Personal information
- Nationality: United States
- Born: June 1, 1999 (age 27) St. Louis, Missouri, U.S.
- Hometown: St. Louis, Missouri, U.S.
- Height: 174 cm (5 ft 9 in)
- College / University: Missouri/Pittsburgh

Volleyball information
- Position: Outside hitter
- Current club: Indy Ignite

Career
| Years | Teams |
| 2017–2020 | Missouri |
| 2021 | Pittsburgh |
| 2022–2023 | Futura Volley Giovani (it) |
| 2024 | Atlanta Vibe |
| 2025– | Indy Ignite |

= Leketor Member-Meneh =

American volleyball player

Leketor Member-Meneh (born June 1, 1999) is an American professional volleyball player who plays as an outside hitter for the Indy Ignite of the Pro Volleyball Federation. She played collegiately at the University of Missouri and University of Pittsburgh, where she was an All-American in 2021.

==Personal life==

Member-Meneh was born and raised in St. Louis, Missouri. She has seven brothers and sisters. She attended high school at Lutheran High School South in St. Louis, and was also a track & field player. She helped her high school team to its first ever volleyball state title in 2016. She was considered a top 50 recruit in her graduating class. She chose to attend Missouri over offers from Duke, Kansas State, North Carolina State and St. Louis.

==Career==
===College===

Member-Meneh played four seasons at Missouri, and transferred to Pittsburgh in 2021, using the extra year of eligibility granted by the NCAA due to the COVID-19 pandemic.

At Pittsburgh in 2021, she helped Pittsburgh reach the NCAA Final Four for the first time in school history. She was named an AVCA All-America Second Team selection and was Pittsburgh's sole selection to the 2021 NCAA Final Four All-Tournament Team. During the tournament, she tied the Pitt record for most kills in a single NCAA Tournament match during the 25-point rally scoring era (2008–present) with 21 against Purdue in the regional final. During the season, she led Pitt with 3.22 kills and 3.74 points per set and was second on the team with 2.32 digs per set.

===Professional clubs===

- ITA Futura Volley Giovani (it) (2022–2023)
- USA Atlanta Vibe (2024)
- USA Indy Ignite (2025-)

Futura Volley Giovani announced her signing on May 31, 2022.

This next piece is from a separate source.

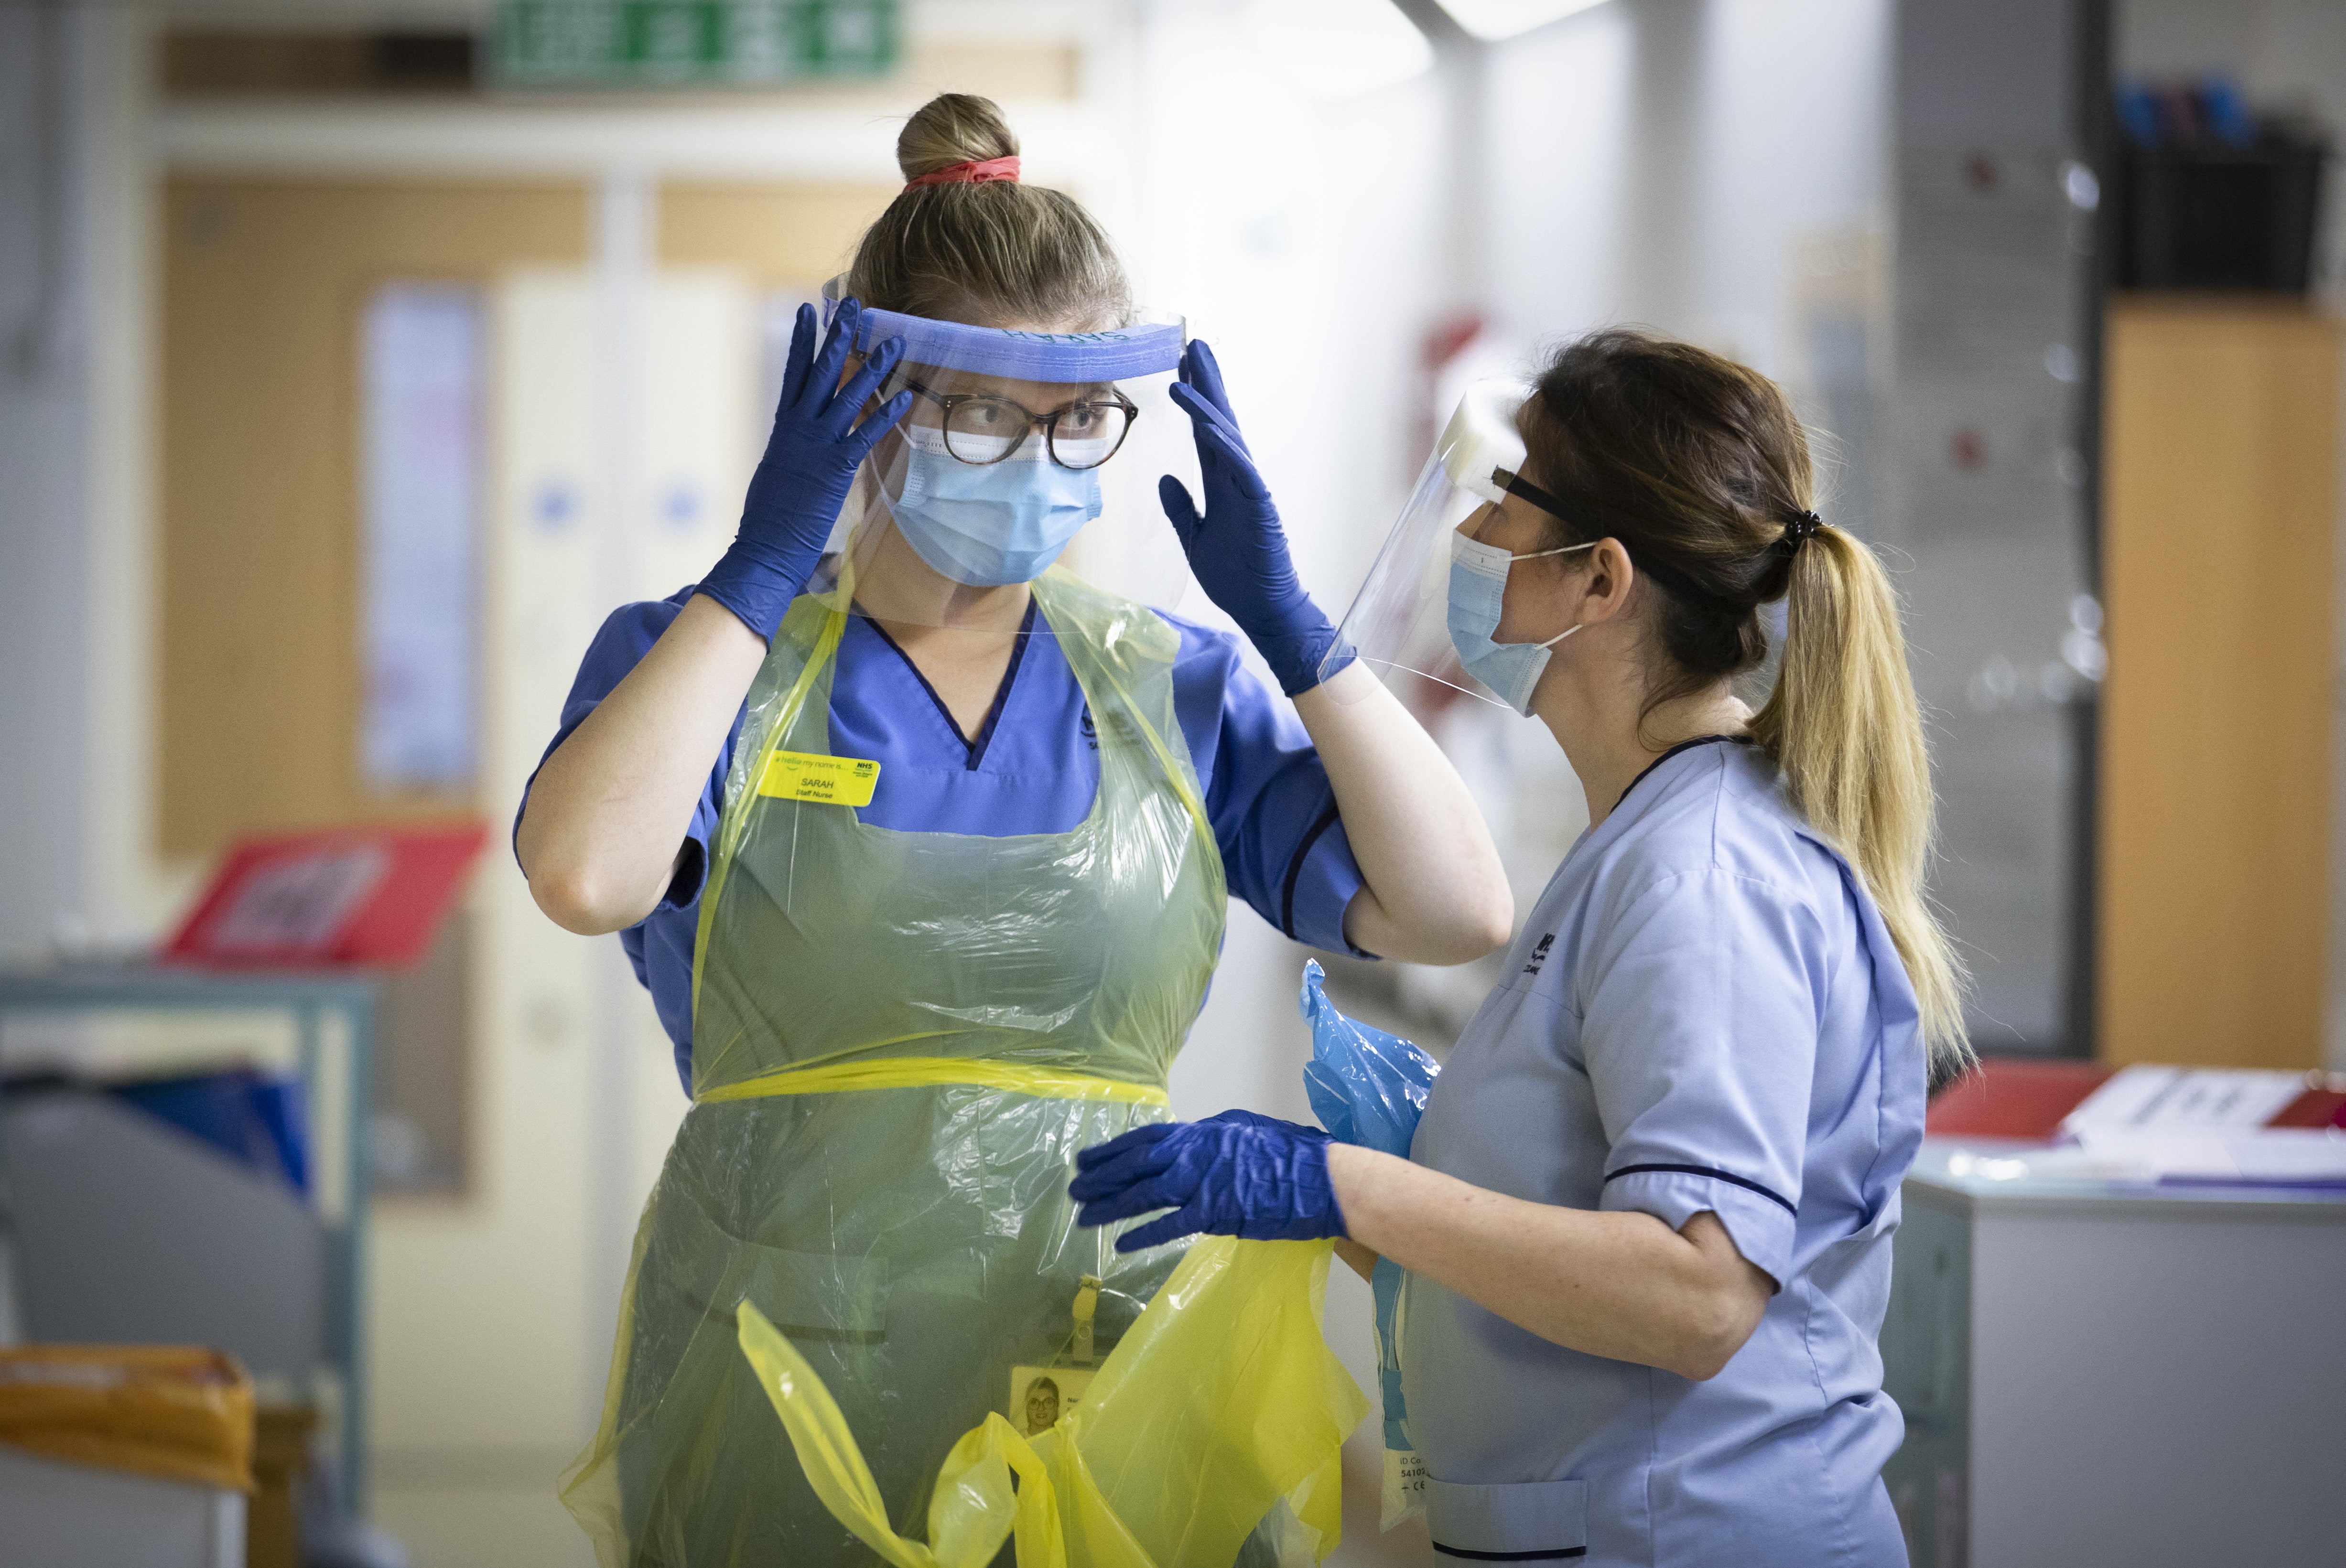 There are particular concerns about nursing staff (Jane Barlow/PA)
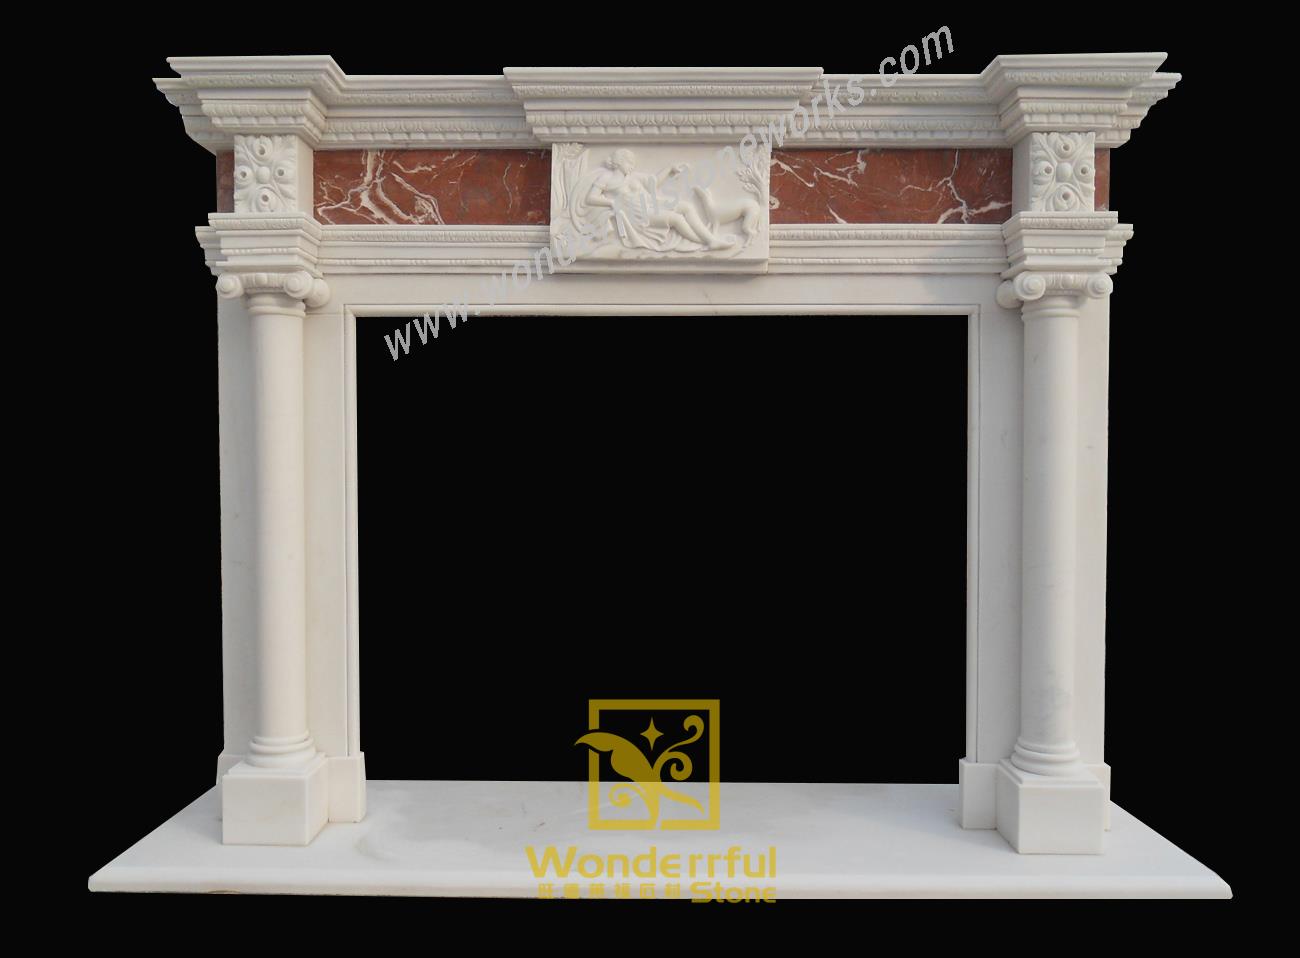 antique fireplace mantel made in Fangshan white marble and Red marble,we can prodduce as per your specific request, we have various materials for your options.

Member-Meneh came back to her home country of the United States to play for the Atlanta Vibe of the Pro Volleyball Federation in their inaugural 2024 season, before moving on to Indy Ignite for this expansion teams first season.

==Awards and honors==

===College===

- AVCA All-America Second Team (2021)
- NCAA Final Four All-Tournament Team (2021)
- NCAA Regional All-Tournament MVP (Pittsburgh) (2021)
- All-ACC First Team (2021)
- All-SEC (2018)
- SEC All-Freshman Team (2017)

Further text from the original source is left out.